Photo: Explicit intercepts the exhaust plume of a vessel to measure emissions; Courtesy of ICCT

ICCT’s FUMES project to measure LNG ships’ methane emissions

The International Council on Clean Transportation (ICCT) has launched the FUgitive Methane Emissions from Ships (FUMES) project to quantify methane emissions from LNG-fueled ships.

ICCT launches FUMES project to measure LNG ships’ methane emissions
Explicit intercepts the exhaust plume of a vessel to measure emissions; Courtesy of ICCT

On 22 March, ICCT said it formally started the FUMES project in collaboration with Danish-based Explicit and the Netherlands Organization for Applied Scientific Research (TNO).

Using in-stack continuous emissions monitoring, drones, and helicopters, the project will examine and quantify methane emissions from ships fueled by LNG under a variety of real-world operating conditions. ICCT says this is at a scale never before achieved.

Globally, the use of LNG as a marine fuel grew nearly 30 per cent between 2012 and 2018. LNG is also becoming popular as a fuel for new cargo ships and cruise ships. This is despite concerns about methane emissions which may dilute the potential GHG reduction benefits of using LNG.

The current knowledge on methane emissions from ships consists of only a small number of studies based on limited measurements taken on board or in a laboratory.

“Obtaining these real-world data will help us to better understand the conditions under which methane emissions from LNG-fueled ships are high or low, and that’s important when considering ways to reduce the environmental impacts of shipping,” said Bryan Comer, marine program lead at the ICCT.

FUMES will assess emissions from ship engines and fugitive emissions from fuel tanks and cargo tanks.
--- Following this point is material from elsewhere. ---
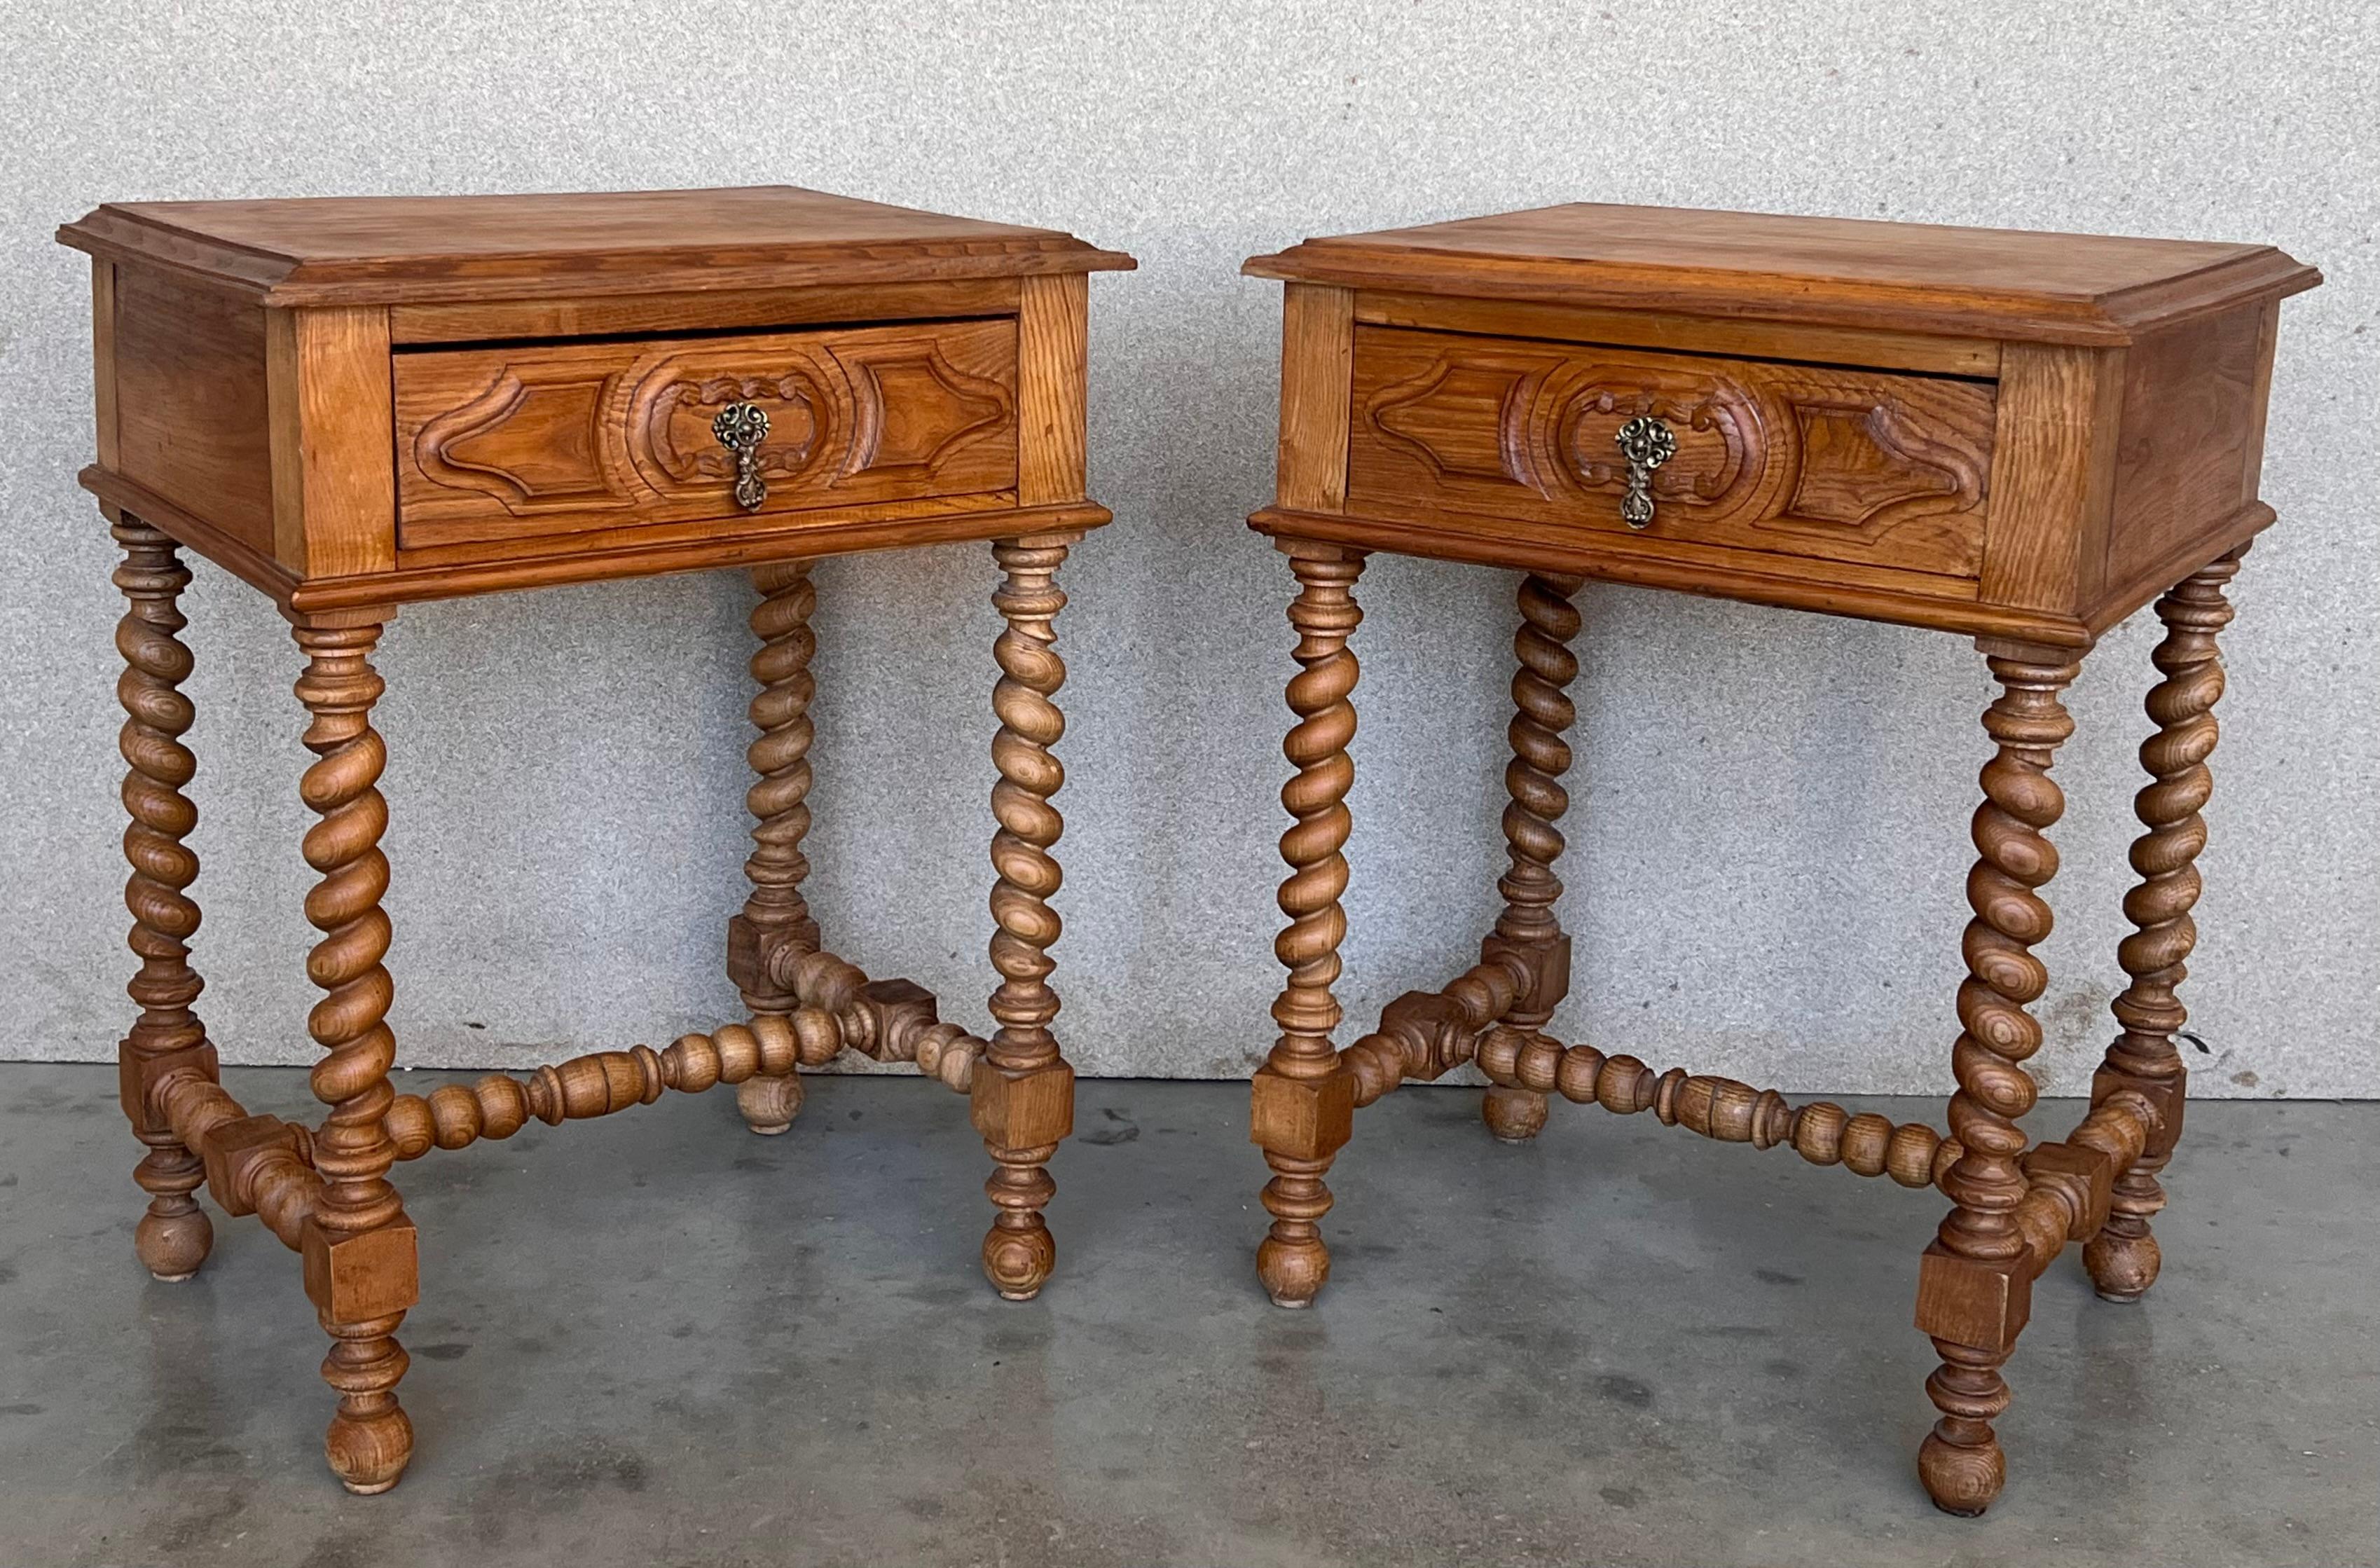 Spanish Vintage French Nightstands in Solid Carved Oak with Turned Columns, Set of 2

Methane “slip” from engines is related to engine technology. The project will therefore focus on emissions from low-pressure dual-fuel (LPDF) engines and high-pressure dual-fuel (HPDF) engines.

“Improvements in engine design over recent years might not be fully captured in older studies, and so that’s another gap in the literature this project will help address,” said Robin Vermeulen, engine and emissions measurement specialist at TNO.

FUMES results are to include estimated methane (CH4) and nitrogen oxides (NOx) emission factors by engine type for the ships measured.

Measurements will be taken in 2022 and the team will publish a peer-reviewed, publicly available white paper in 2023.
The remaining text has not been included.